“And applied directly to” an Investment
“And applied directly to” an Investment
In the present case, and assuming “that APMDC [Ltd]’s repudiation of the BSA can be treated as an act of” the Government of Andhra Pradesh, the Tribunal concluded that “the acts in question … were directly applied only to APMDC [Ltd] and ANRAK [Aluminium] Ltd.” (The reference was to the two contracting parties to the BSA.)
It helps in the present case to keep in mind that RAKIA’s “Investment” was not simply a shareholding. It was (in the manner explained above, and over time) a number of things: US$ 42.5 million, and shares in ANRAK Aluminium Ltd, and the pledge of shares. These were invested in the proposed establishment of an Alumina and Aluminium Industry in the State of Andhra Pradesh.
In the Tribunal’s view, ‘direct application’ to ANRAK Aluminium Ltd was not direct application to shares in ANRAK Aluminium Ltd. As seen, in its view the shares were the “Investment”. On its analysis, in relation to the shareholding “the acts in question” had “an indirect effect”, and that was not enough. India’s argument led by Mr Samuel Wordsworth KC, with Mr Siddharth Dhar KC and Mr Peter Webster, supported the Tribunal’s analysis,
With true respect to the Tribunal, I cannot accept that its analysis is the analysis that applies and concludes the matter in the context of the BIT in this case.
The analysis used by the Tribunal reflects the familiar and important line of thought that, generally speaking, loss caused to a company is not loss caused to its shareholders when the question is which of the company, on the one hand, or its shareholders, on the other hand, may claim against a person who has caused loss to the company.
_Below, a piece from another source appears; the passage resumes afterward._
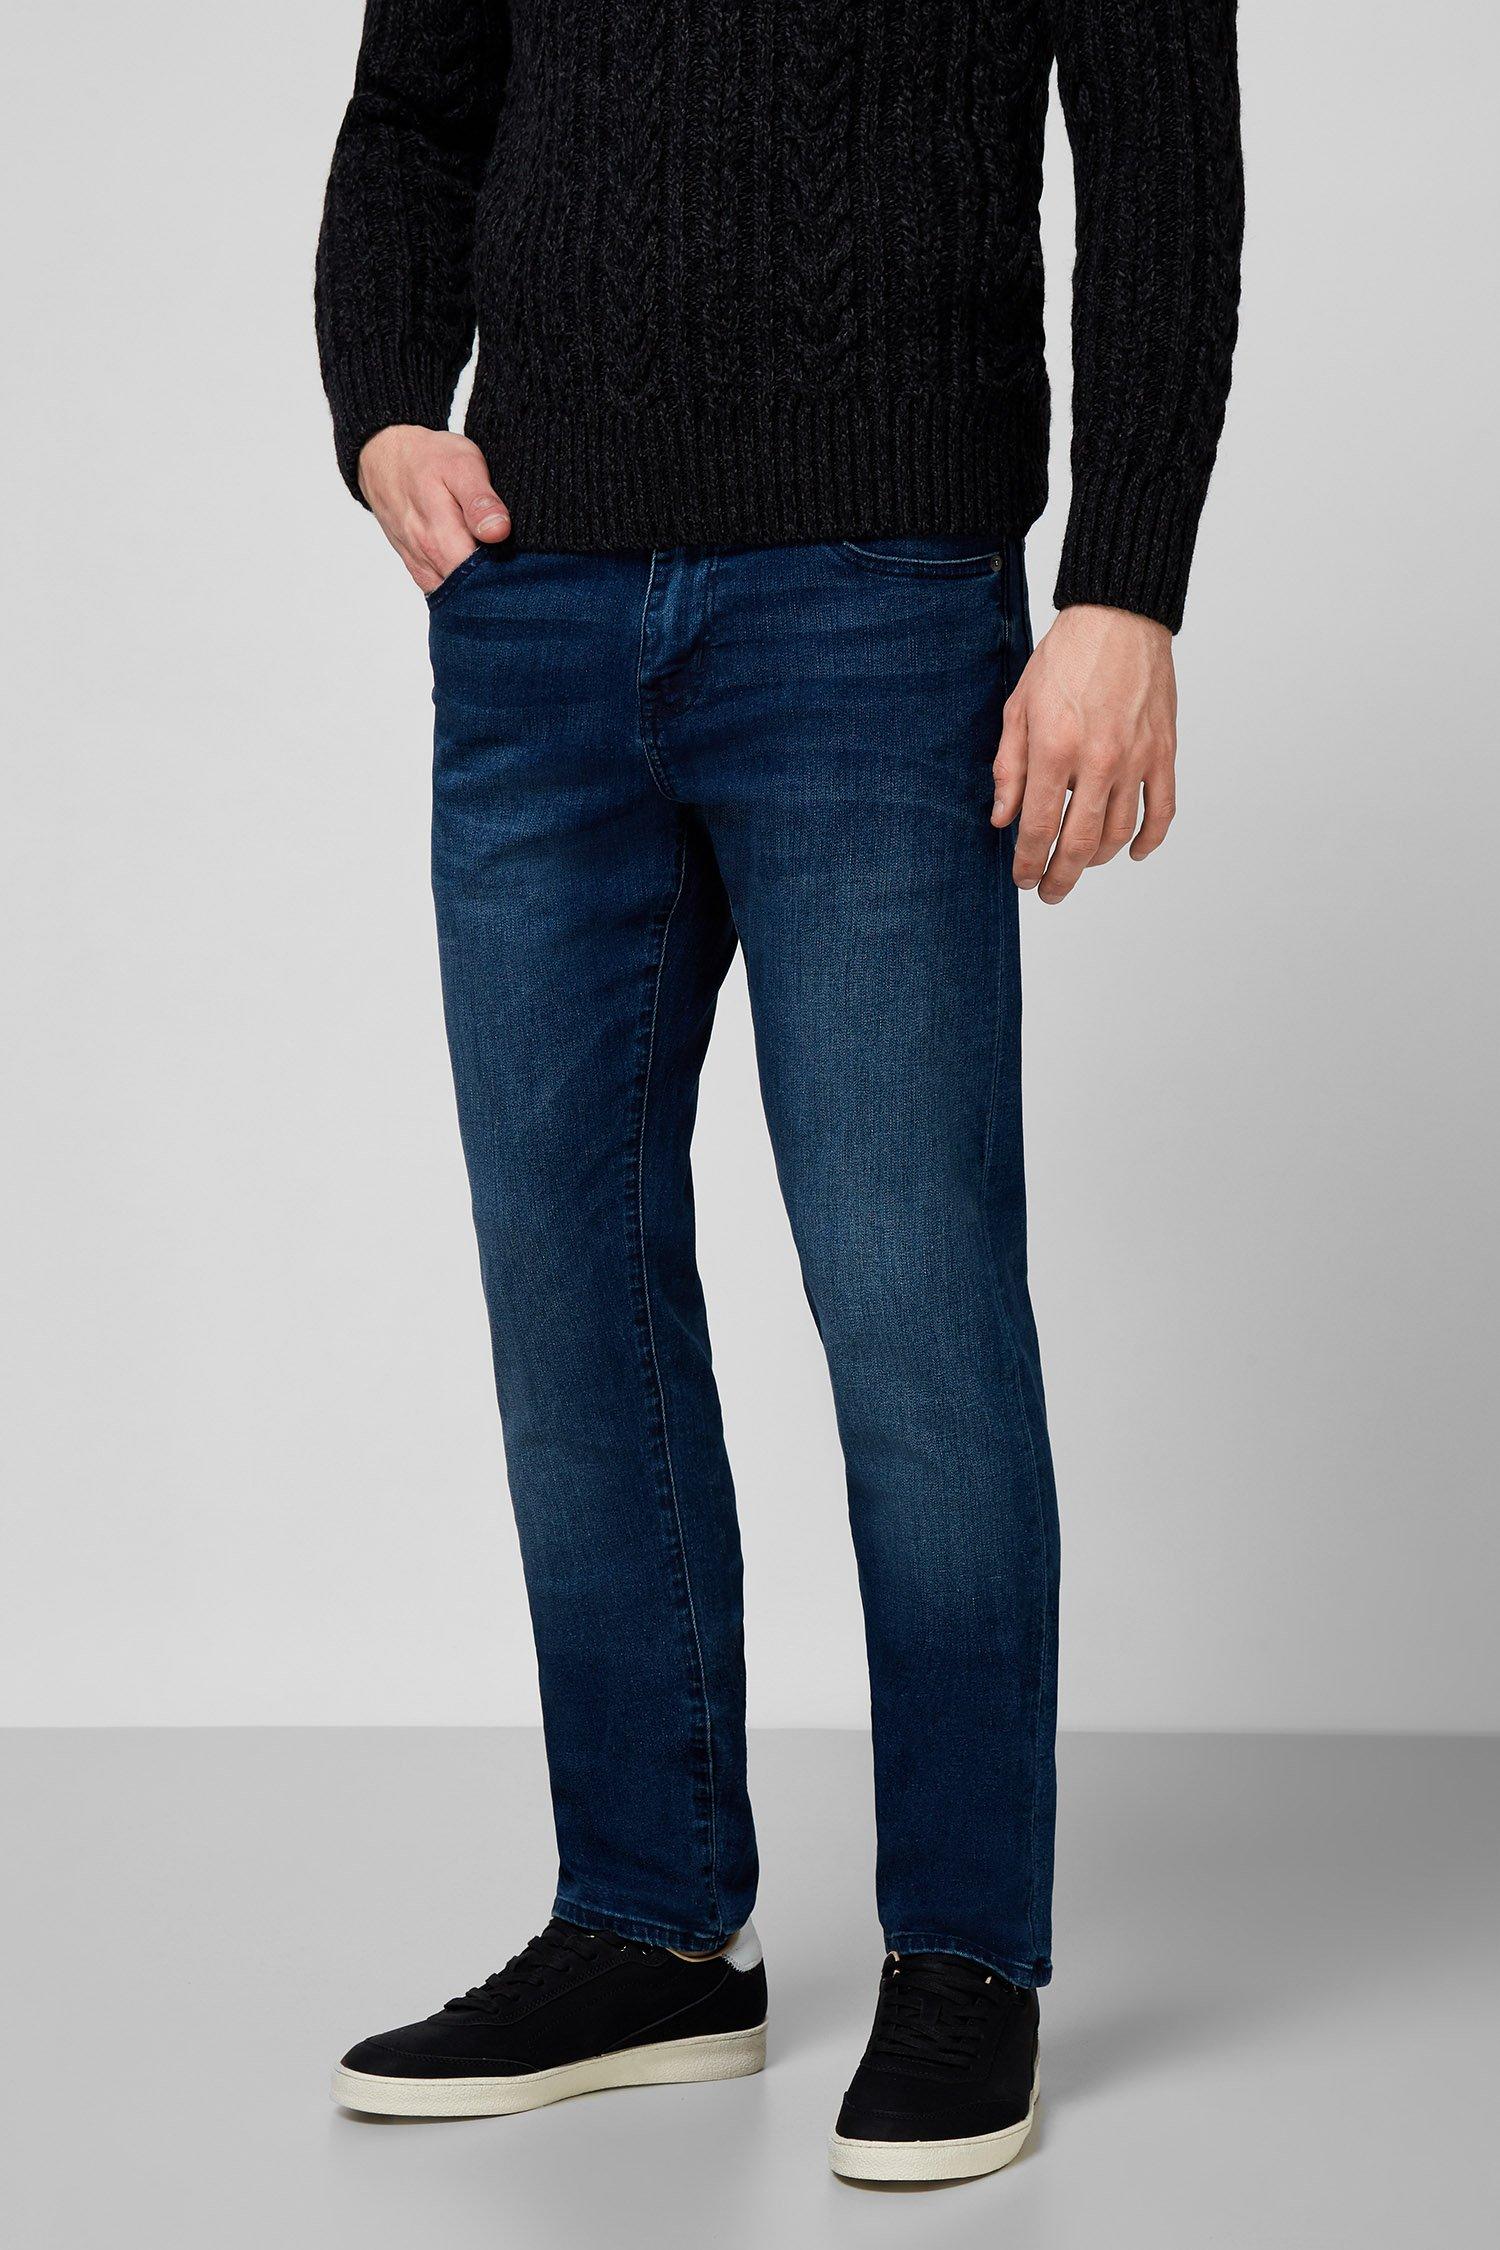 Мужские синие джинсы SuperDry M7010115A;3ZK — MD-Fashion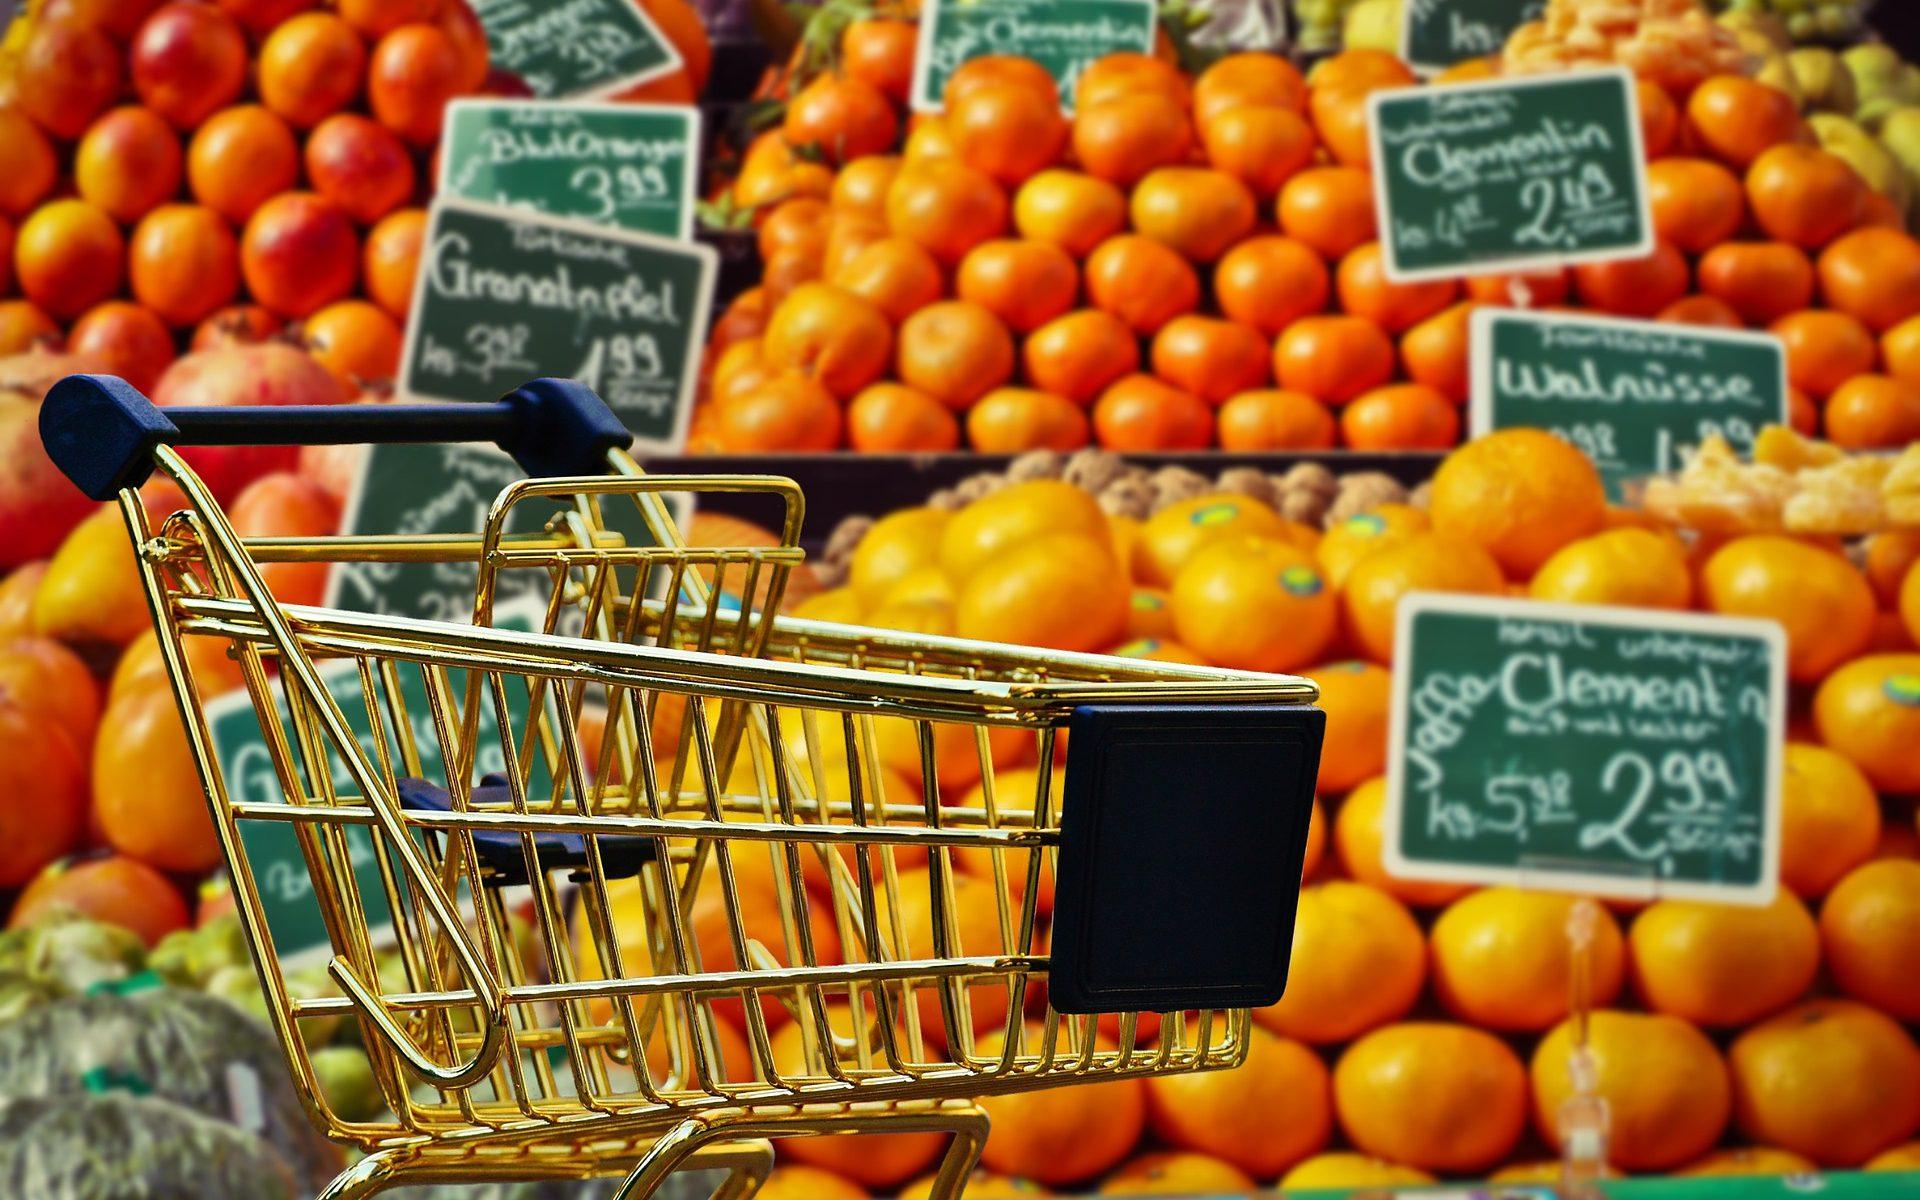 Verkaufsoffene Sonntage sind eine Erleichterung für alle Berufstätigen und eine Chance für den Einzelhandel

The analysis of the Tribunal recognises separate corporate personality (India cites the decision of the ICJ in Barcelona Traction; ICJ Rep. 1970, and draws attention to paragraph (c) of Article 31(3) of the Vienna Convention (above)). It respects the common law principle that does not allow claims for reflective loss.
But in the context of the BIT and its Article 10, the lens is different, in my judgment. There is no claim of a company in which an Investor has shares. The only relevant claim for consideration is that of the Investor.
As seen earlier, as a matter of interpretation of the BIT, the mere existence of an asset of a type listed in Article 1.1 of the BIT does not mean that the asset is an “Investment”. It has to have the quality of an investment. So also, the ‘direct application’ that matters for the purpose of Article 1.8 is not simply to an asset, but to an asset as an investment (“applied directly to an Investment”).
In this context the difference between ‘direct’ and ‘indirect’, and between ‘application’ and ‘effect’, is, in my judgment, not to be found between what is done to a company and the consequences for its shareholders. Rather, the difference is to be found between what is done that is applied directly to the Investment and what is done that has indirect or no application. This is not to treat the assets of a company as those of a shareholder (and here, a minority shareholder).
India highlights the presence of two elements to the requirement that action is “applied directly”: that the binding action be “applied to” the Investment, and that the application be direct. In the present case both elements are in my judgment met.
There was application to the Investment in that the action was applied to the proposed establishment of an Alumina and Aluminium Industry in the State of Andhra Pradesh. And in GOM 44 the Government of Andhra Pradesh acted directly to end the supply of bauxite and with that the establishment of an Alumina and Aluminium Industry in the State of Andra Pradesh. (India points to evidence that the refinery is operating using alternative sources of bauxite, but that does not affect the position at the time.)
The action taken was not an action directed elsewhere but having adverse collateral effects here. RAKIA’s argument puts things in this way, and correctly in my view: Measures are applied directly to an investment where they are targeted at the investment. The position may be different with measures of wider, general, application that may or do have an adverse effect on the investment in hand but on assets invested elsewhere too.
The result is a balance. It is one thing to include an offer to arbitrate that is addressed to executive action that does not apply more widely; it is another to do so where it would inhibit wider executive action.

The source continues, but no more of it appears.